Task directions:
The listing is to be repeated exactly, and its pictures are to be left out.

Data section:
++++++++++++++++++++

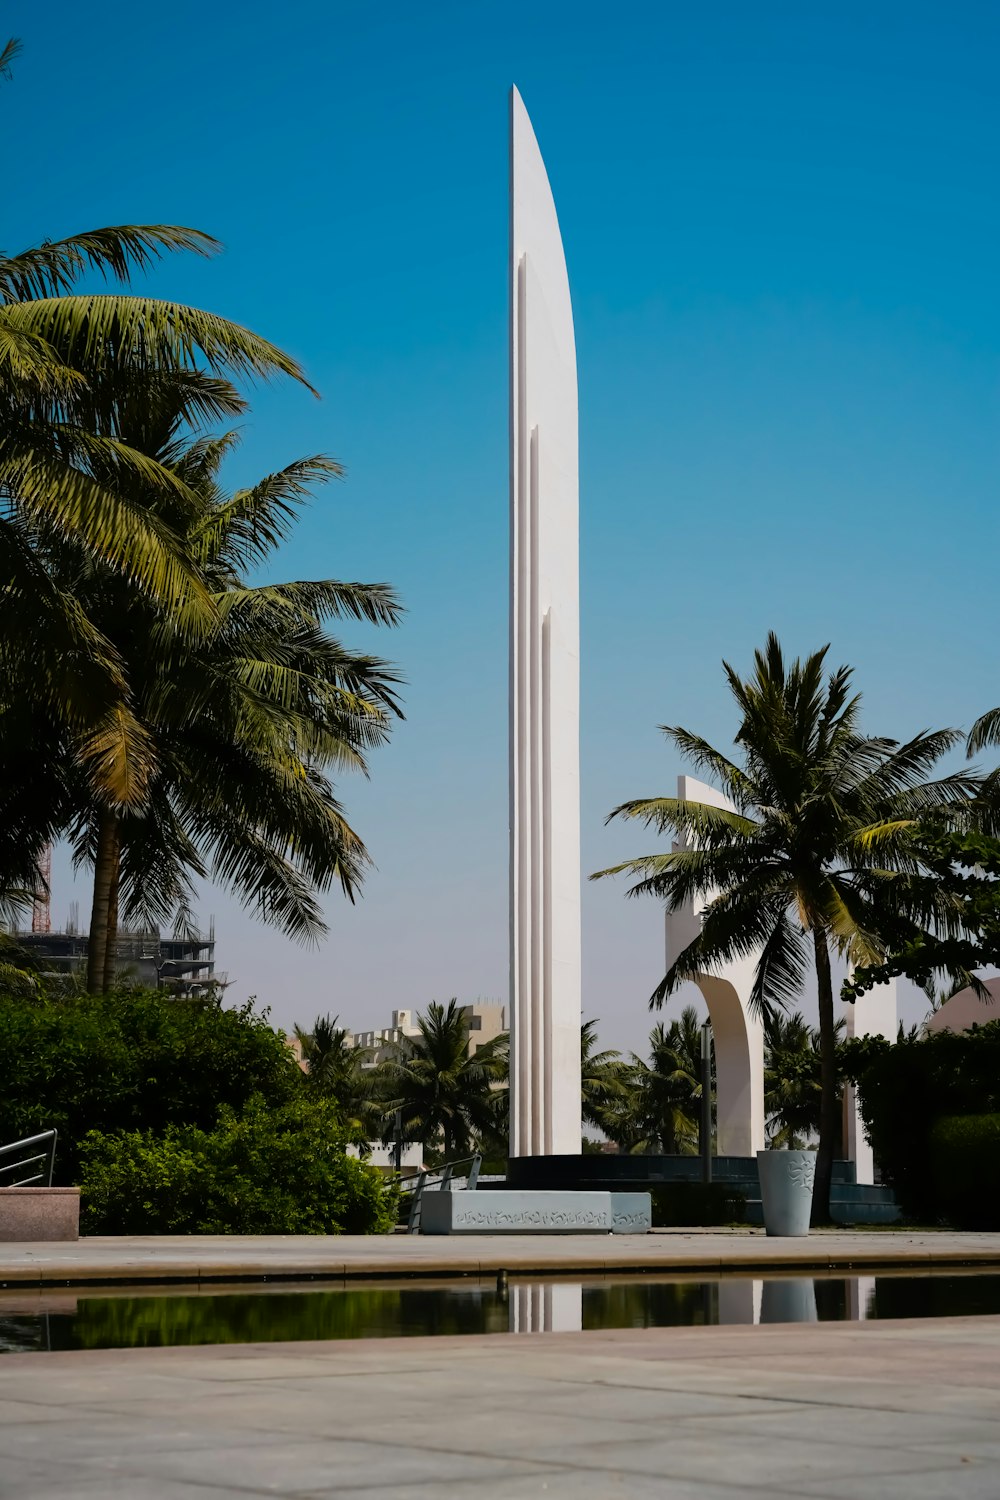 a tall white monument
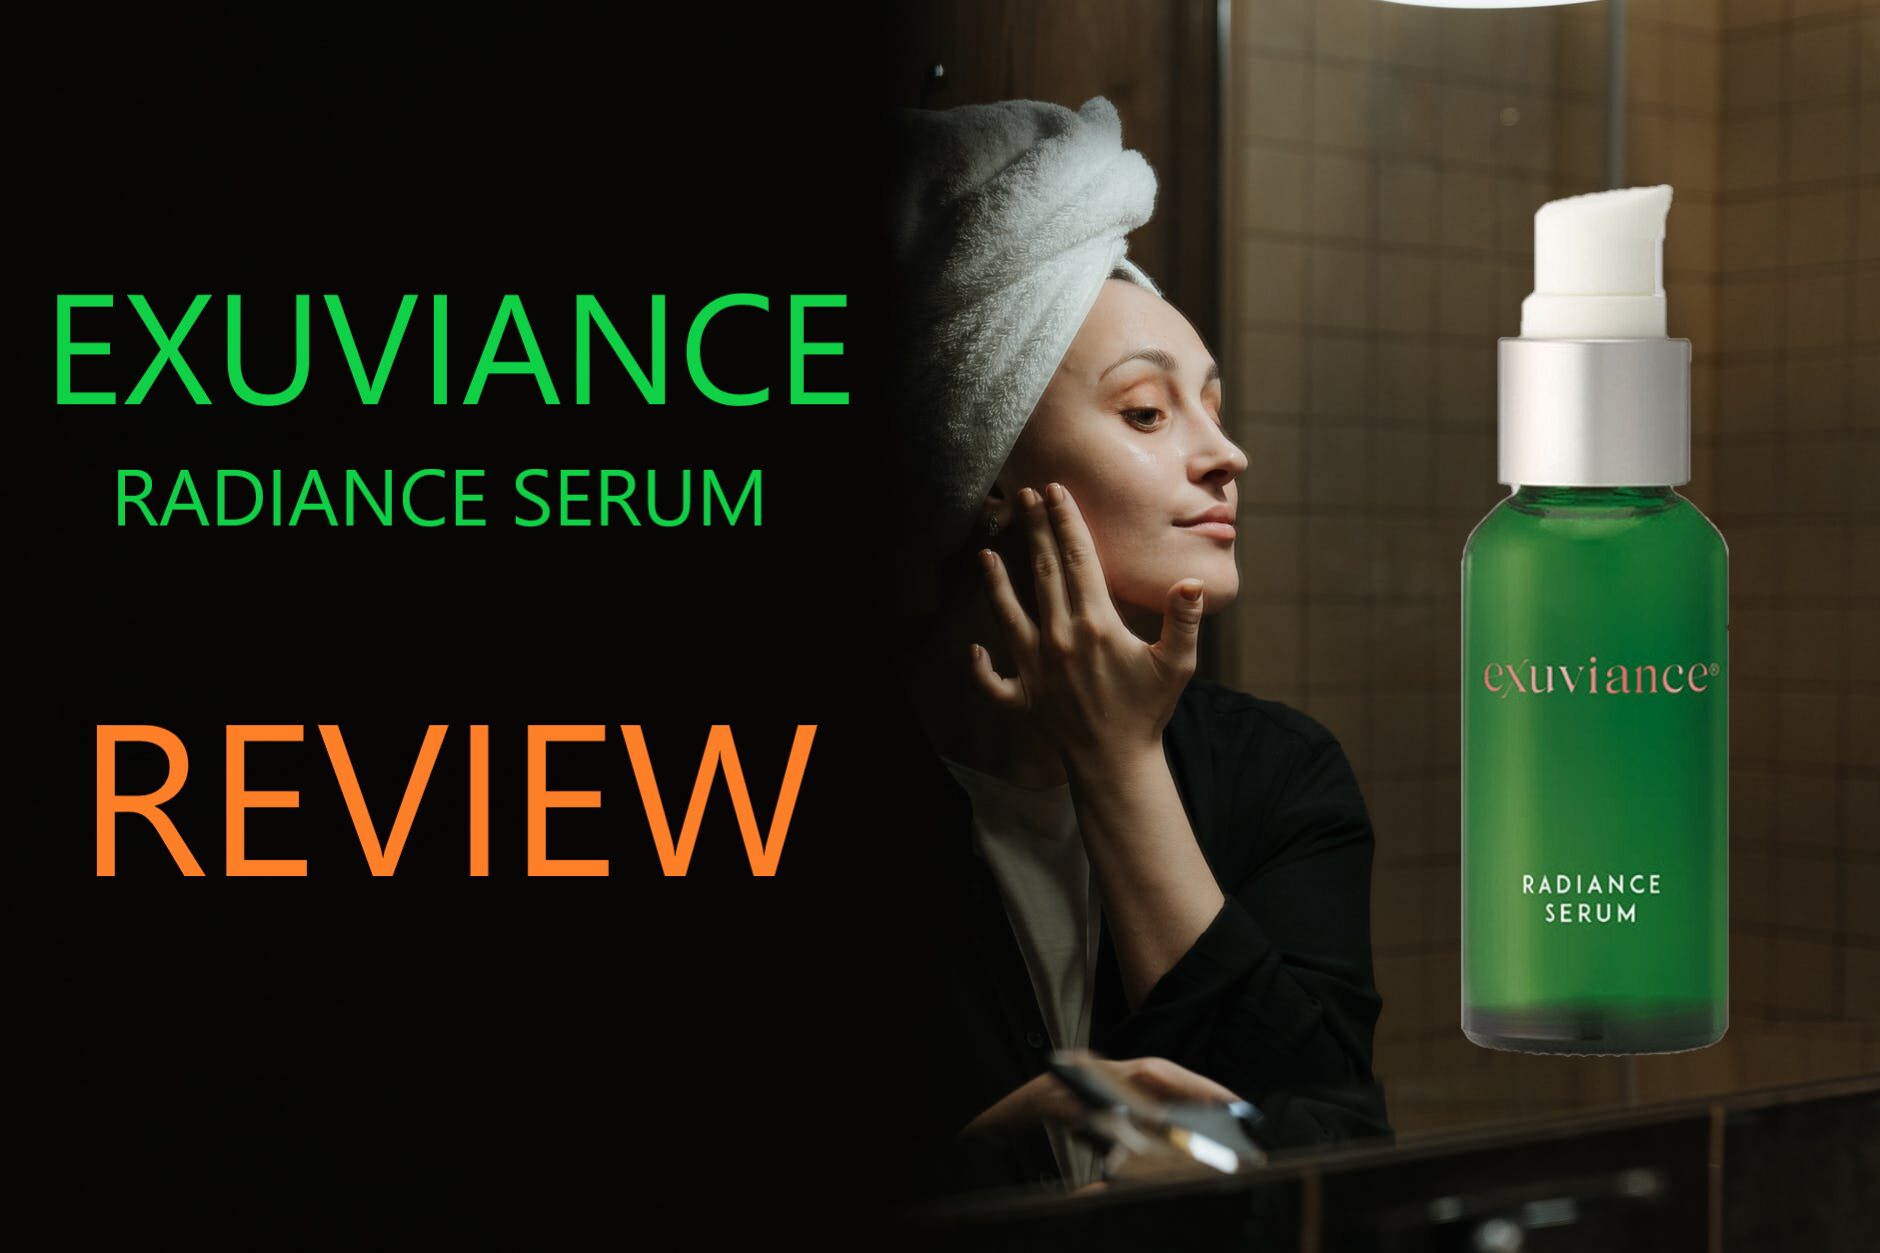 Exuviance radiance serum review
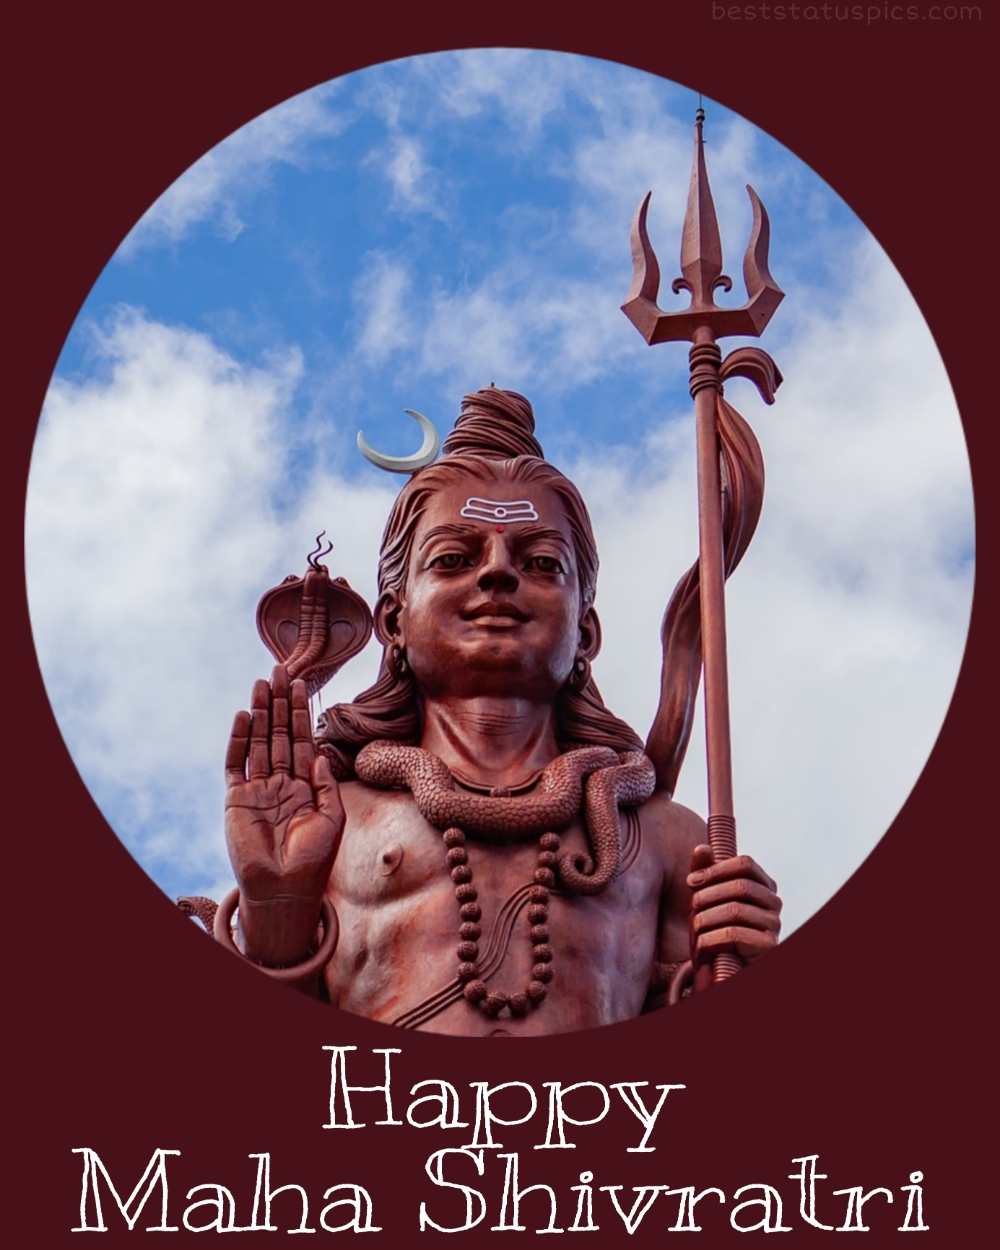 Happy Maha Shivratri 2022 wishes and greeting card

++++++++++++++++++++

Answer to the problem:
 a tall white monument
 Exuviance radiance serum review
 Happy Maha Shivratri 2022 wishes and greeting card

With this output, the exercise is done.